Death Isn't All It's Cracked Up To Be
Chapter 4
By Kinsfire
Reviews
Endlessdesk posted a comment on Thursday 6th October 2005 5:16pm for Chapter 4
I loved this story, even though somethings didn't quite click, for example the fact that Snape's resentment faded rather quickly. But overall, good job and i was wondering on when you'd have a sequel or even one at all.
Coolone007 posted a comment on Thursday 6th October 2005 6:18am for Chapter 4
it was a great story. It was interesting to wrap my mind around the freindship of Satin and Jesus. So Since he is marrying the lord of darkenss will her punishment be finsdished as well? Since you did mention that Hell was rehab. And she was cast into it for rehab. Too bad you ended it so quick I was couriouse to see your theories on the church of potter.
Mike posted a comment on Friday 30th September 2005 8:58am for Chapter 4
very nice stories man......first thing i read on here was Like A Phoenix From The Ashes and i read that past the first chapter and onto the last one you put up and now i just got finished reading the last chapter of Death Isn't All It's Cracked Up To Be and that is also a very great story you made there as well....anyways glad to have given you something to read as a compliment on your stories and keep putting up more cause they are one thing......GREAT
Adam posted a comment on Monday 26th September 2005 6:51pm for Chapter 4
Now this was a lot of fun to read first thing in the morning :)
Machiavelli Jr posted a comment on Sunday 25th September 2005 8:01am for Chapter 4
Bizarre, OOS, slightly icky, very funny. The dour Yorkshireman in me wants to threaten you with eternal hellfire, except that you'd grin and probably enjoy whatever you actually ended up with, so I'll settle for congrats, thanks and WRITE MORE!
sylvain pelletier posted a comment on Thursday 1st September 2005 9:22am for Chapter 4
I was almost right about Satan in the pool...

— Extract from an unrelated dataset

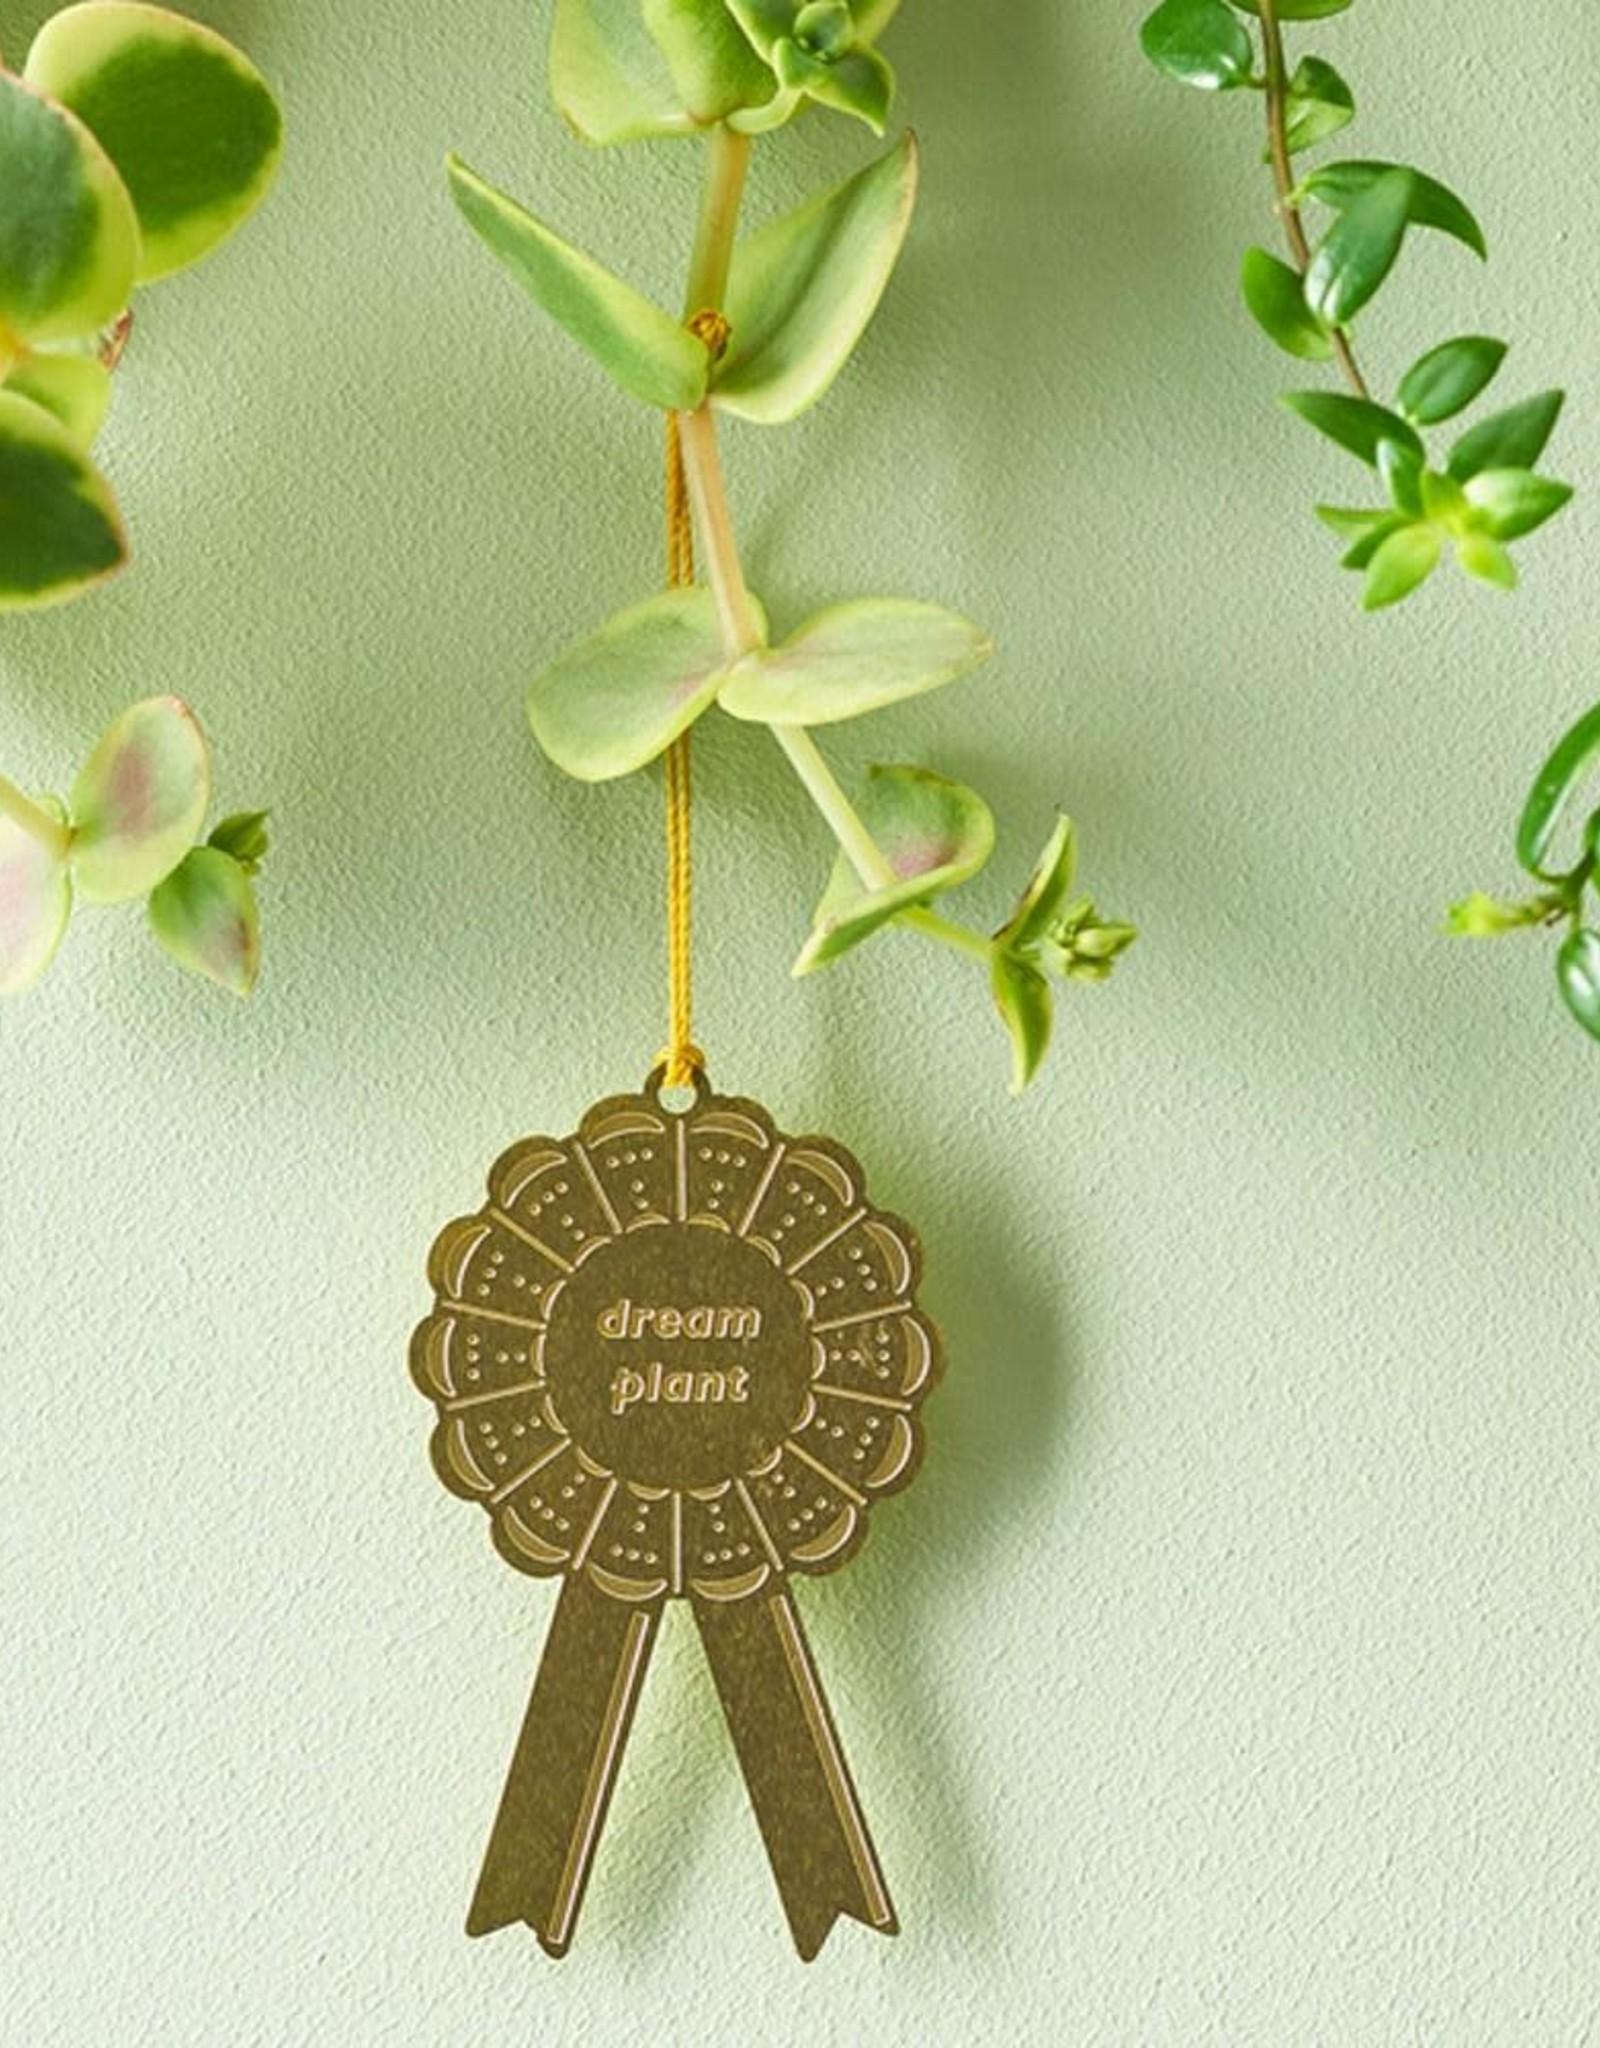 another studio Plant Awards Dream Plant

Nice open ending. Could have been longer but sequels (lots of them I hope) will be interesting.
I'm a big fan of Heinlein and approve the idea of the Long family (and the Potter family)

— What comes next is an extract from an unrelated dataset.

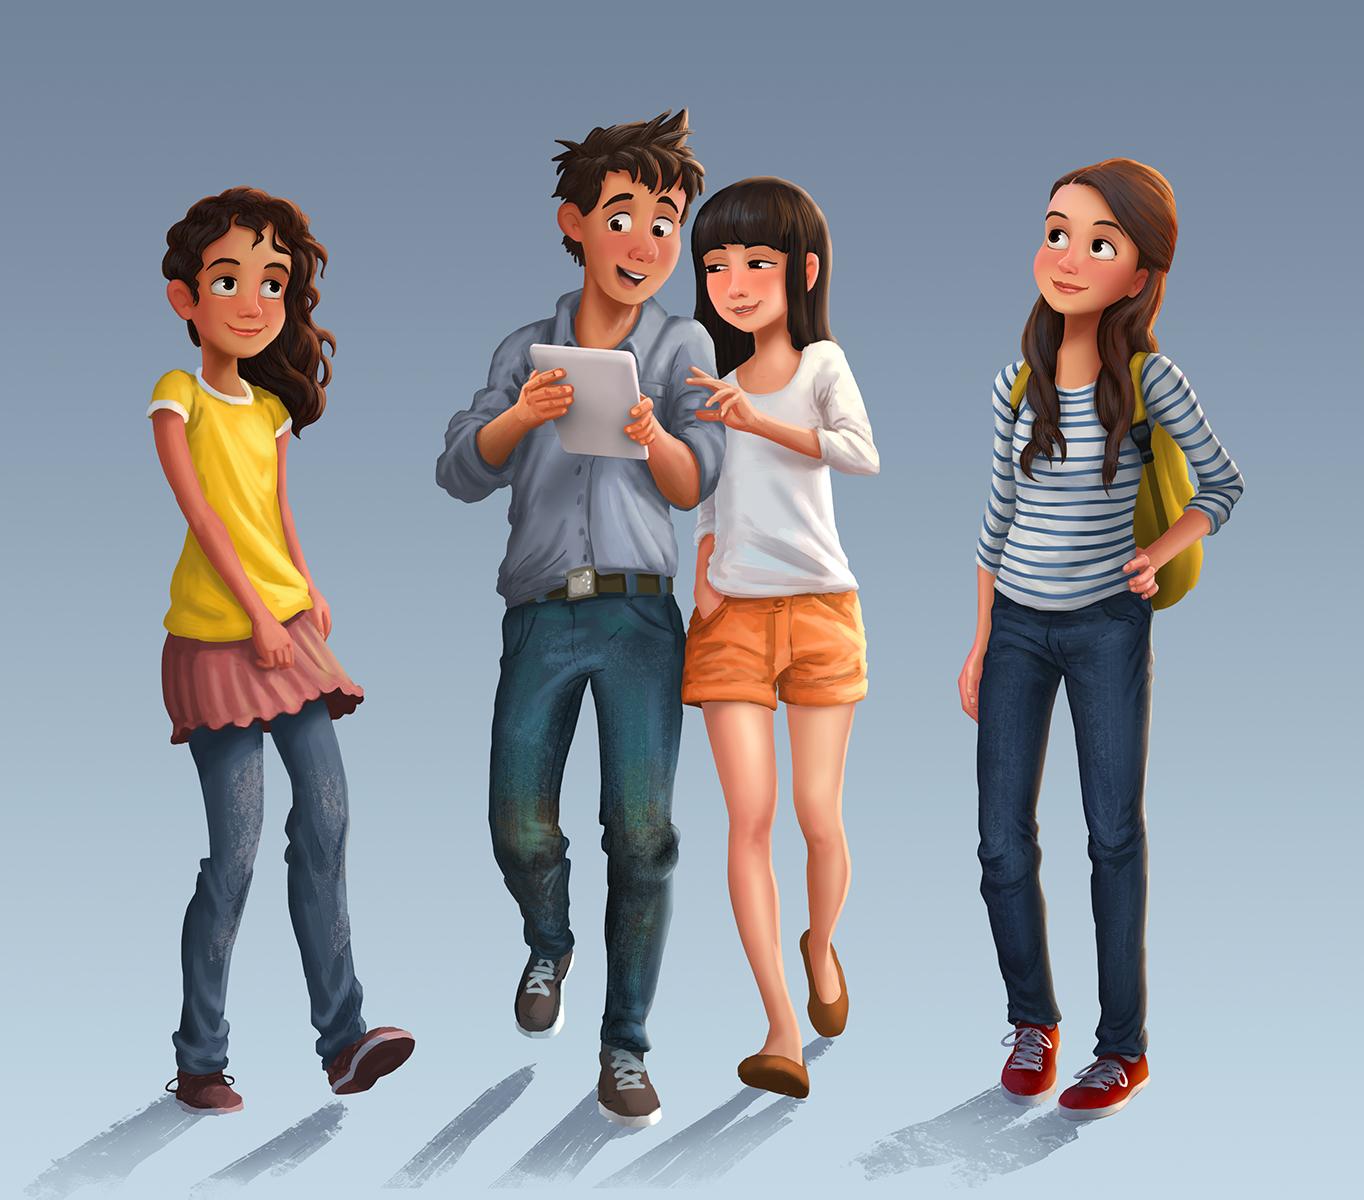 Erwin madrid blog illustrations of teens - Image of teen ...

Now for a few phrases that caught my eyes:
"Can I keep him Daddy?"
THAT made me laugh loudly while I was reading during break at the office. At least, no one was around... Now I don't dare read at work... even during breaks.
"Gives a whole new meaning to the term 'GOD-son', doesn't it?"
I love that kind of pun (mines are sometimes as bad (or good) as that one).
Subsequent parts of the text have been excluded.